Retype, exactly and with both ends included, the lines below from the one containing "most recent offering." through the end; omit the pictures.

▶ _Data provided_:
* * * *
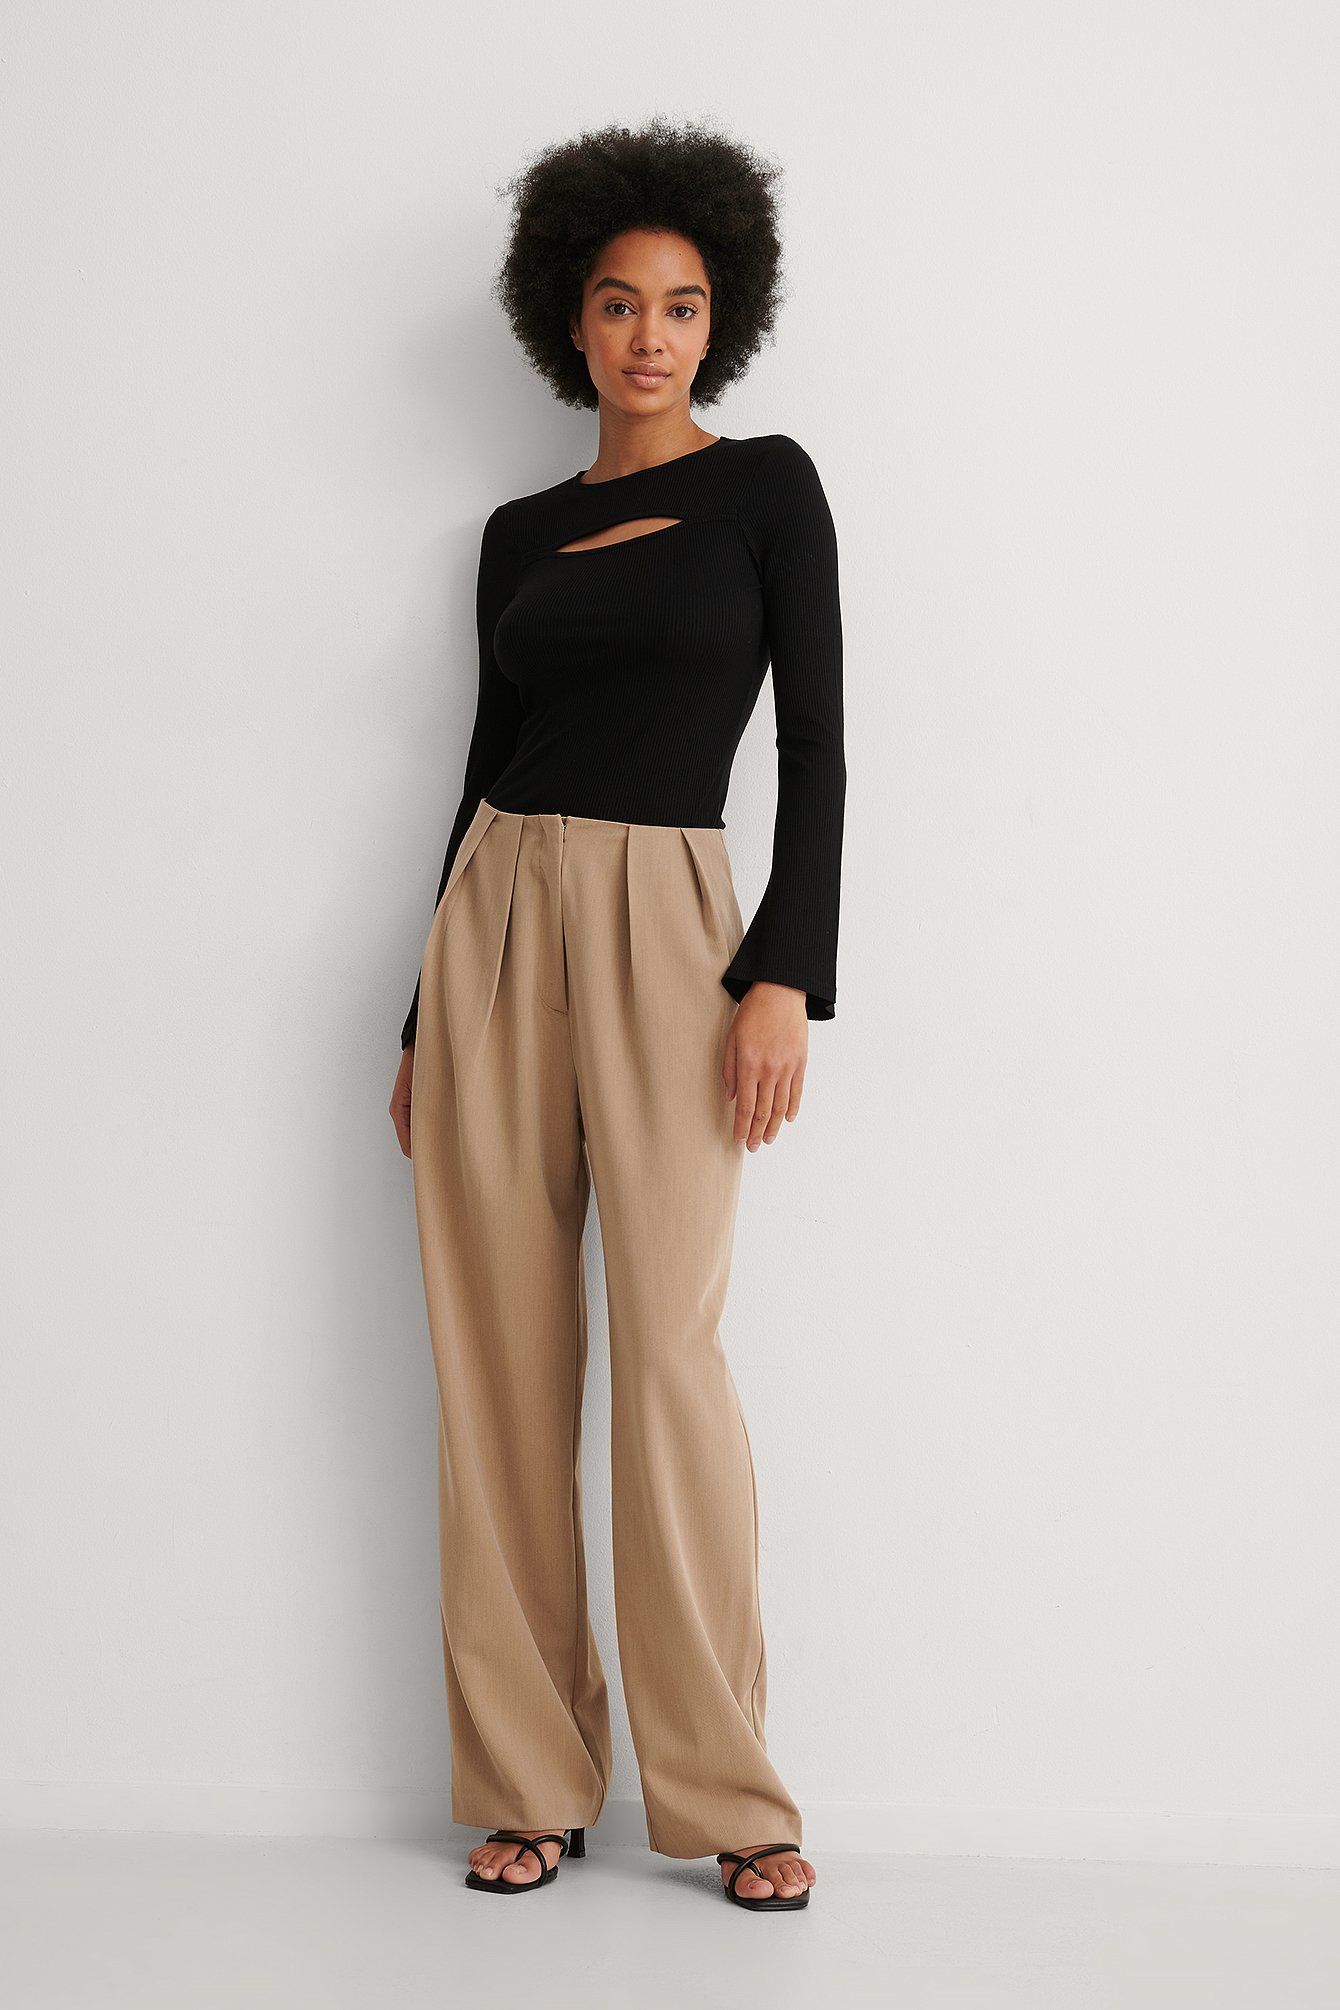 Cut Out Trumpet Sleeve Top Outfit
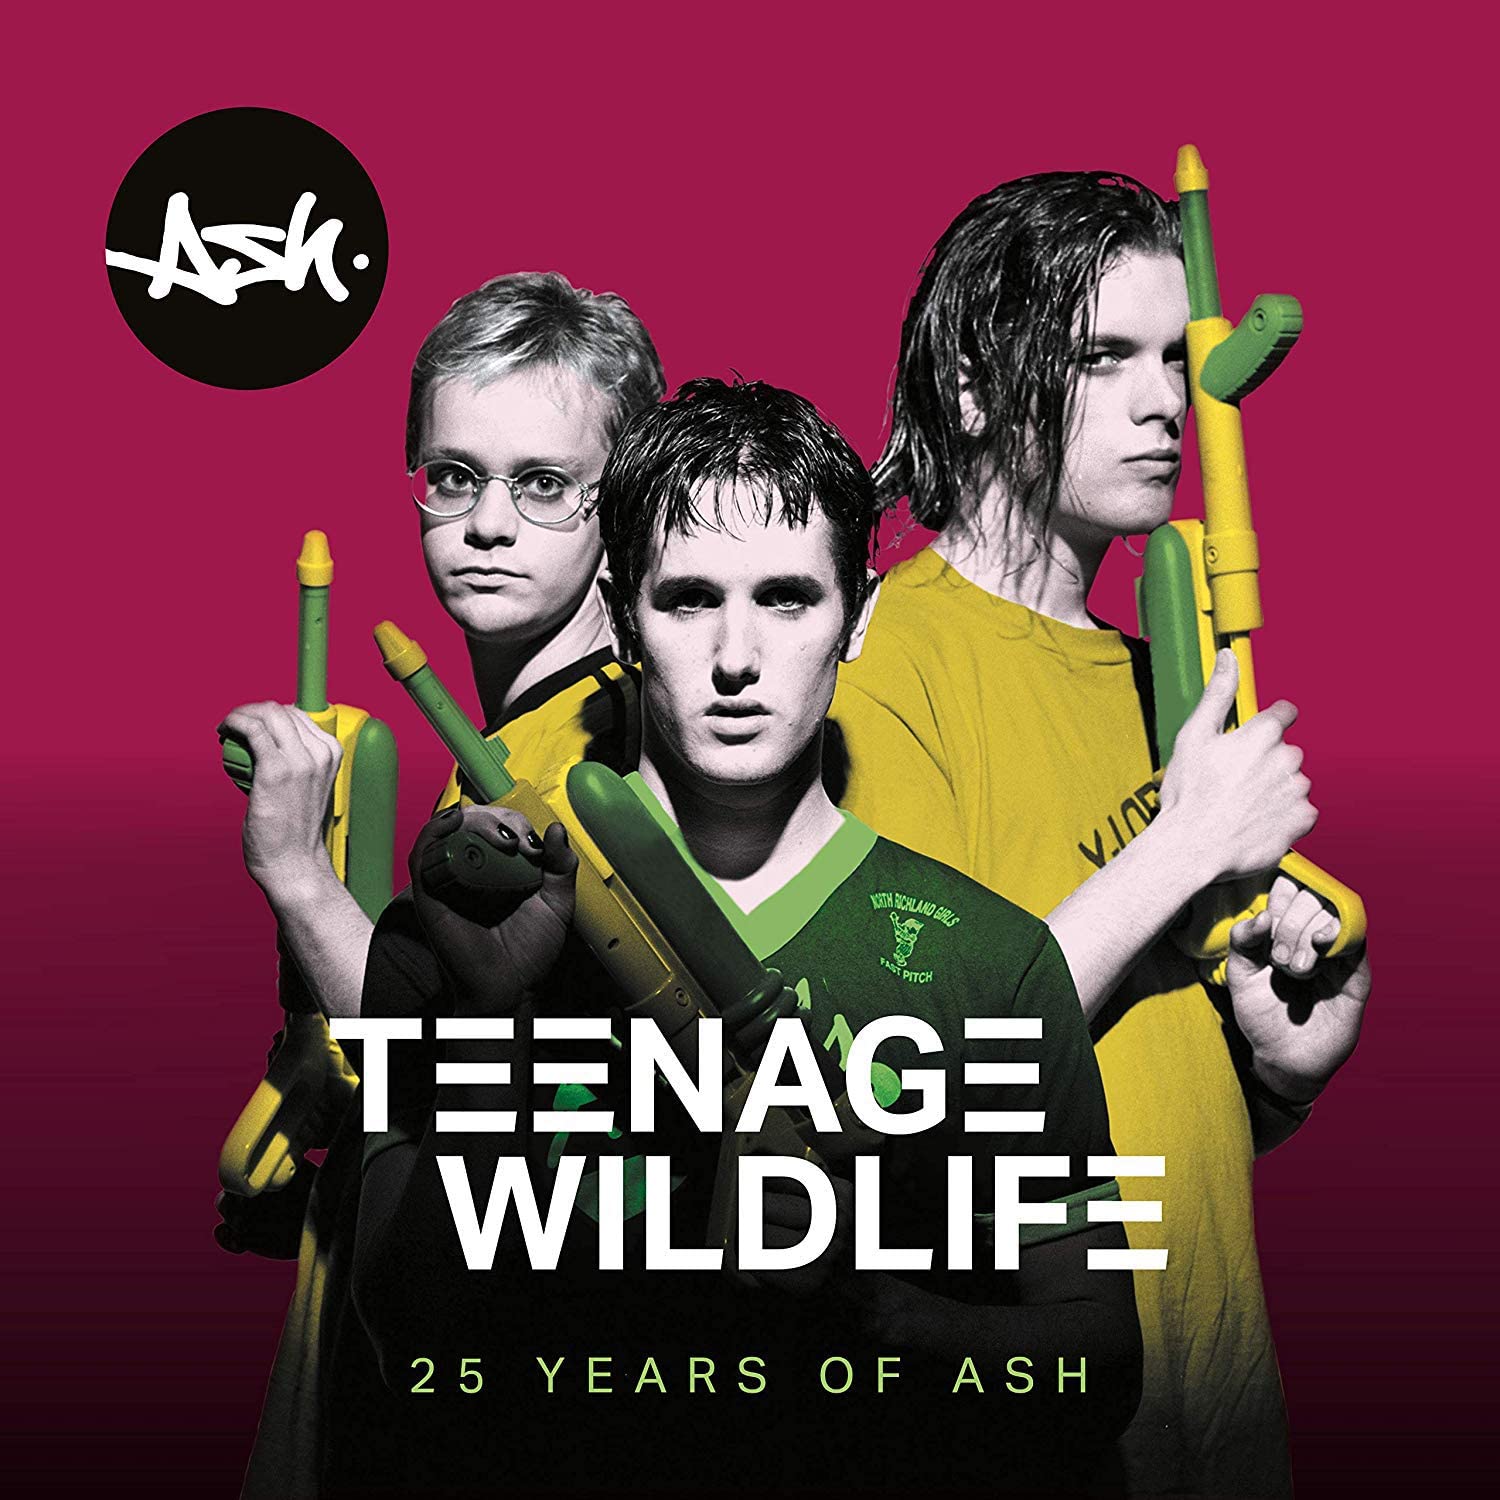 'Teenage Wildlife' traces the career of Ash on Vinyl from exuberant debut, 'Trailer' in 1994 to 'Islands', the band's most recent offering. 
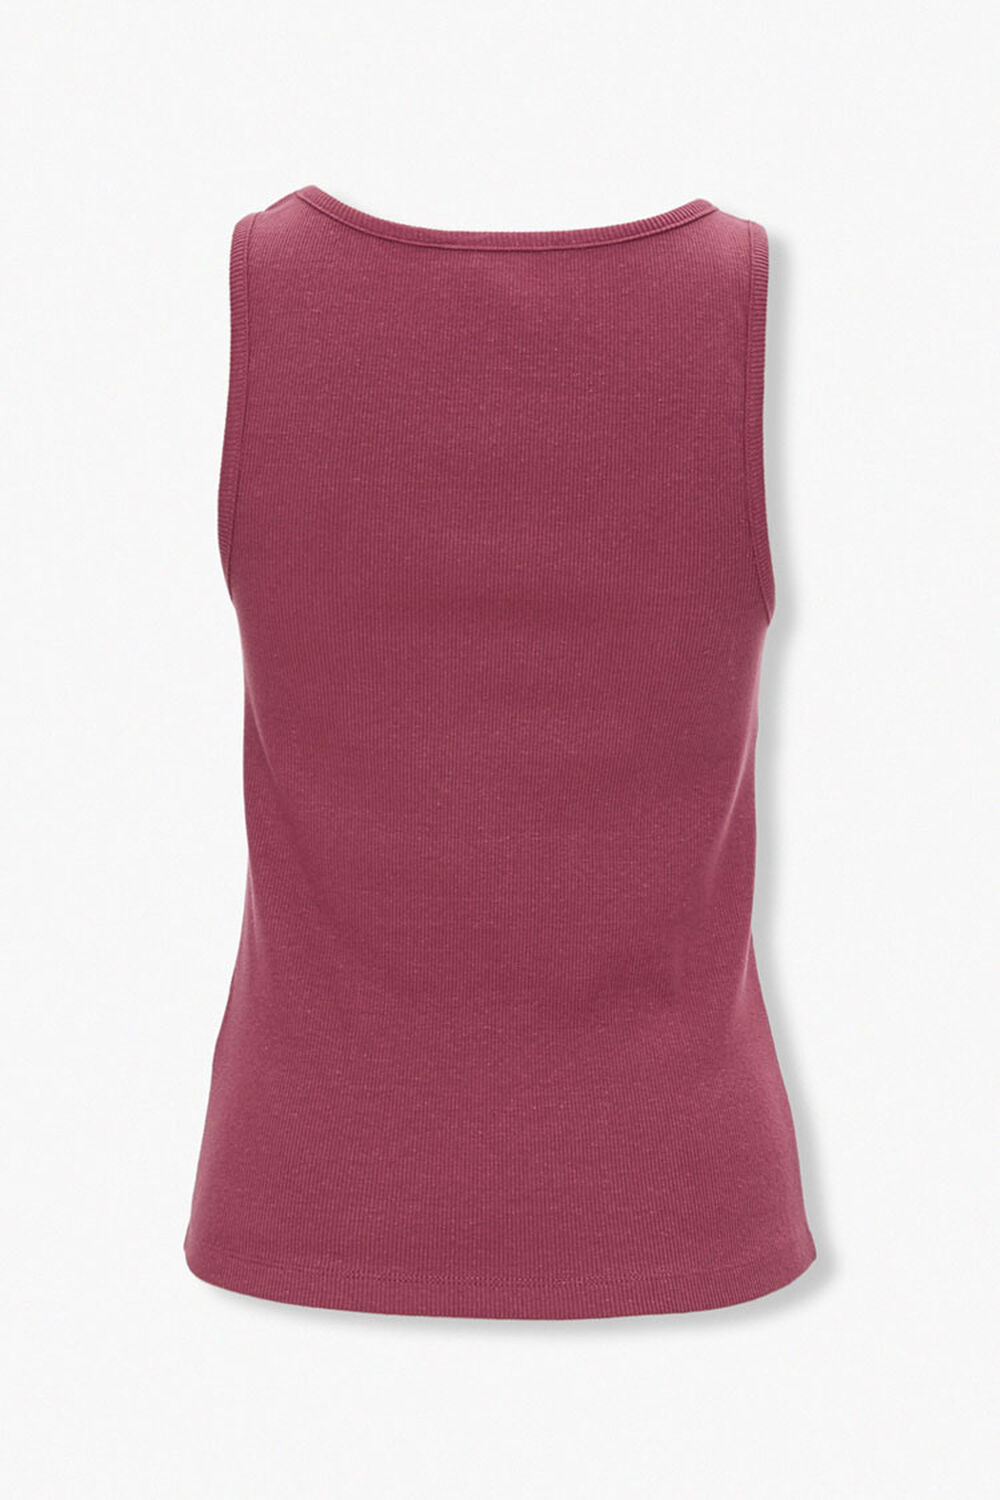 BERRY Ribbed Knit Tank Top, image 3
* * * *
▶ _Response to the task_:
 'Teenage Wildlife' traces the career of Ash on Vinyl from exuberant debut, 'Trailer' in 1994 to 'Islands', the band's most recent offering. 
 BERRY Ribbed Knit Tank Top, image 3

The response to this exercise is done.